Exactly the lines below starting at the line with "tall clear plastic" and ending at the line with "American Crew Fiber" are wanted, with both ends included. Leave out the pictures and add no other lines.

**Records shown**
# # # #

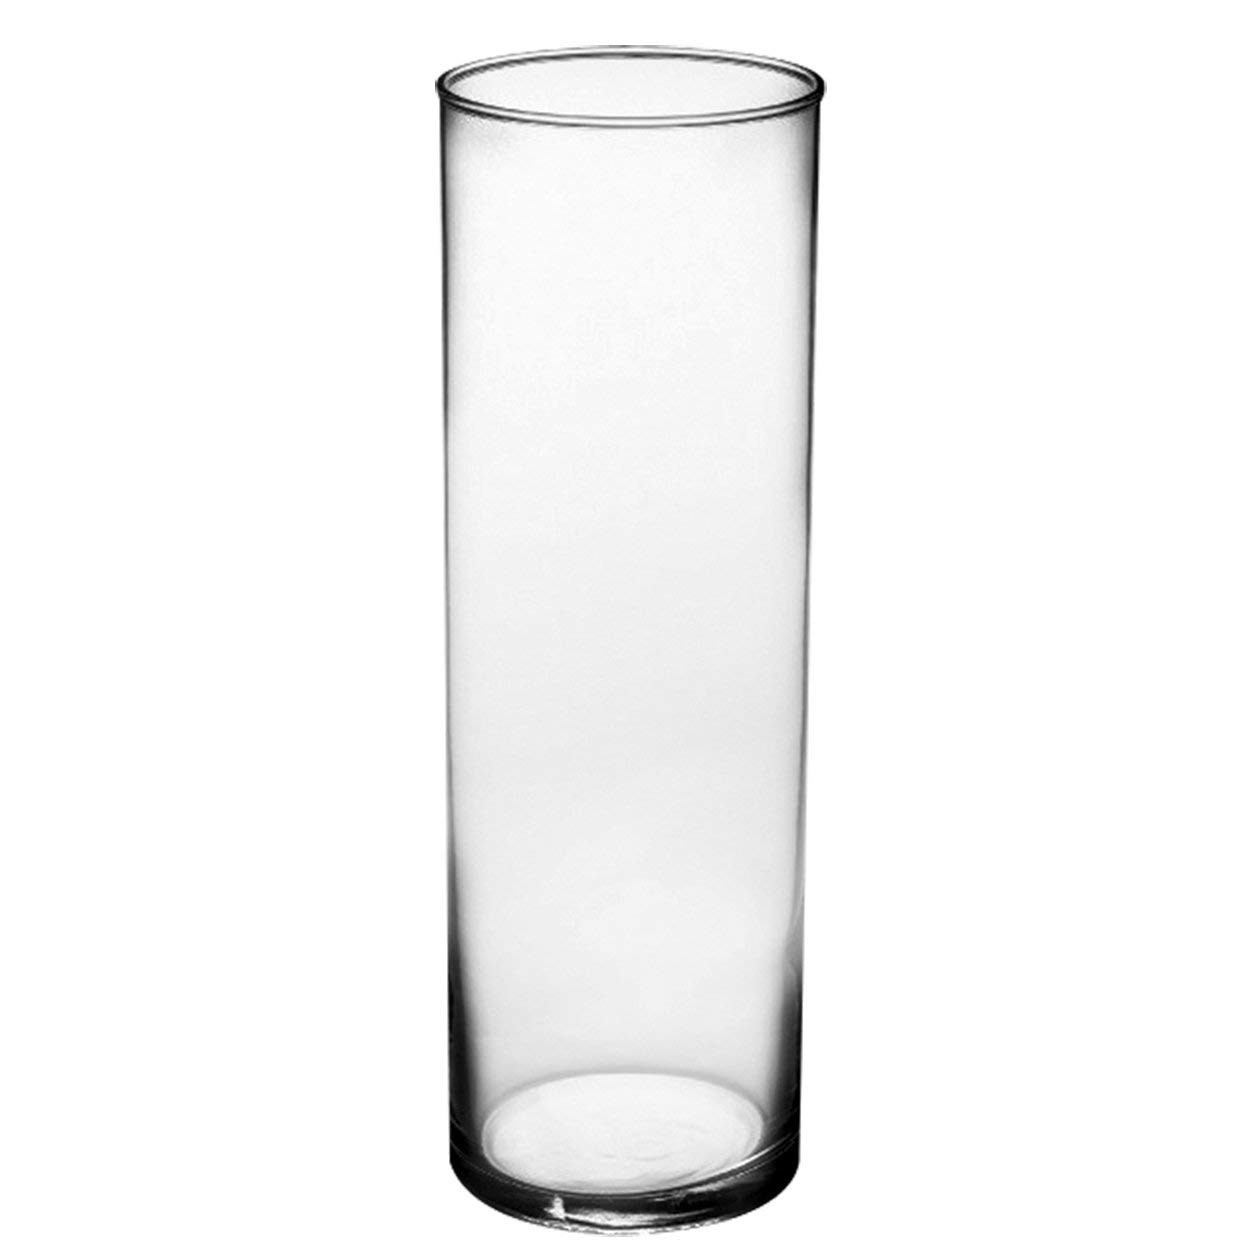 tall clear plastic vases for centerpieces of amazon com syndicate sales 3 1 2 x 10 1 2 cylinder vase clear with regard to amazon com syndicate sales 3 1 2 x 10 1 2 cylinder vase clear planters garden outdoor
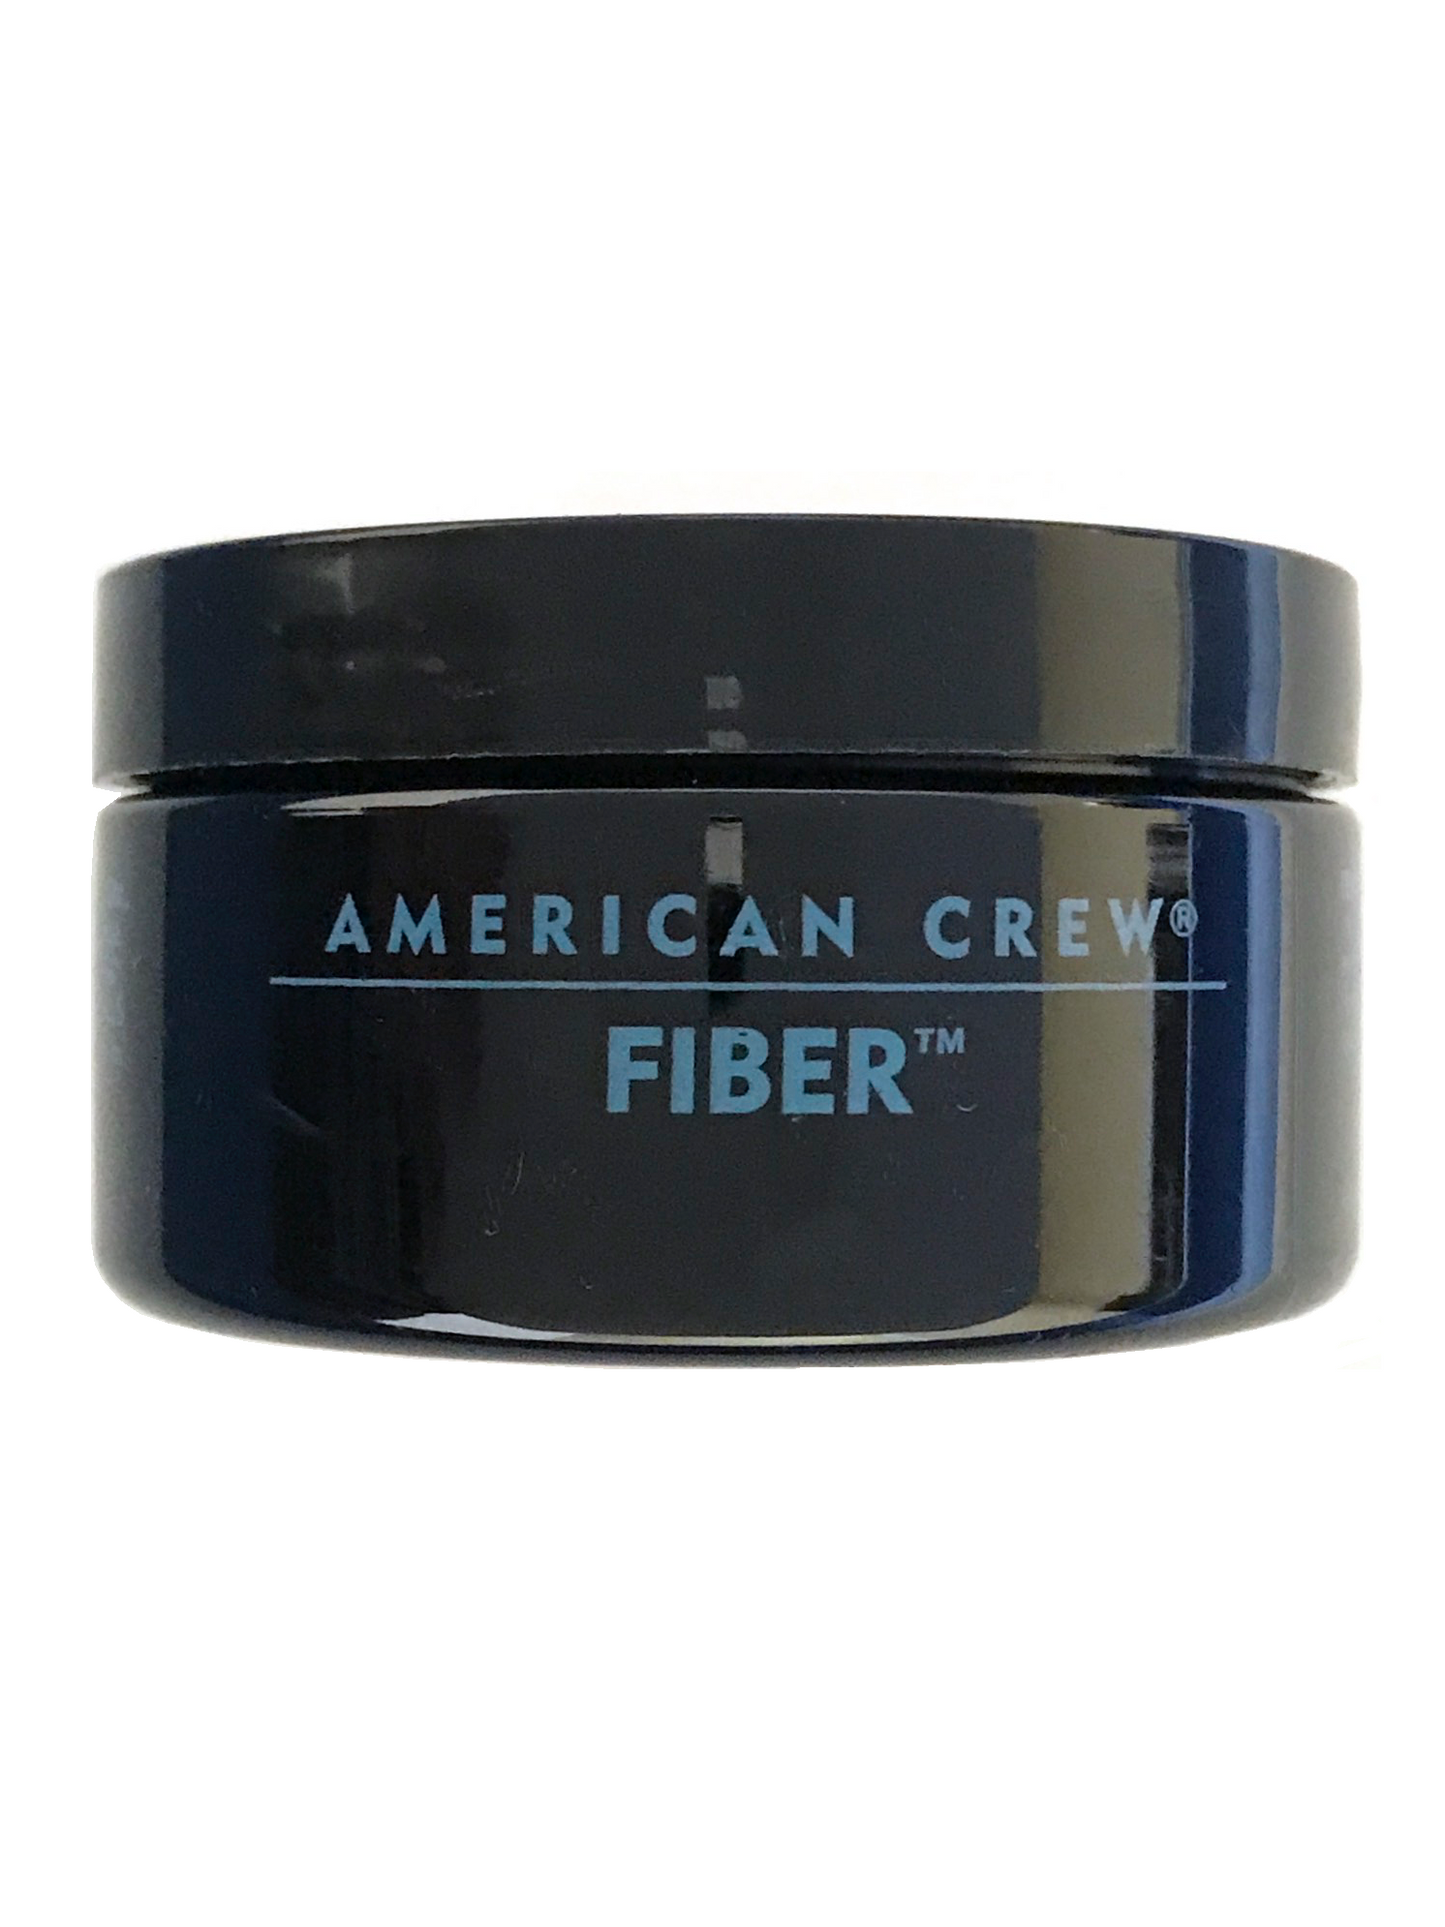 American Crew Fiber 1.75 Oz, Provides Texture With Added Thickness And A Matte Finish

# # # #

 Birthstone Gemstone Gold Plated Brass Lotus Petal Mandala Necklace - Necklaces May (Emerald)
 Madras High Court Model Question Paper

# # # #

**Response**
 tall clear plastic vases for centerpieces of amazon com syndicate sales 3 1 2 x 10 1 2 cylinder vase clear with regard to amazon com syndicate sales 3 1 2 x 10 1 2 cylinder vase clear planters garden outdoor
 American Crew Fiber 1.75 Oz, Provides Texture With Added Thickness And A Matte Finish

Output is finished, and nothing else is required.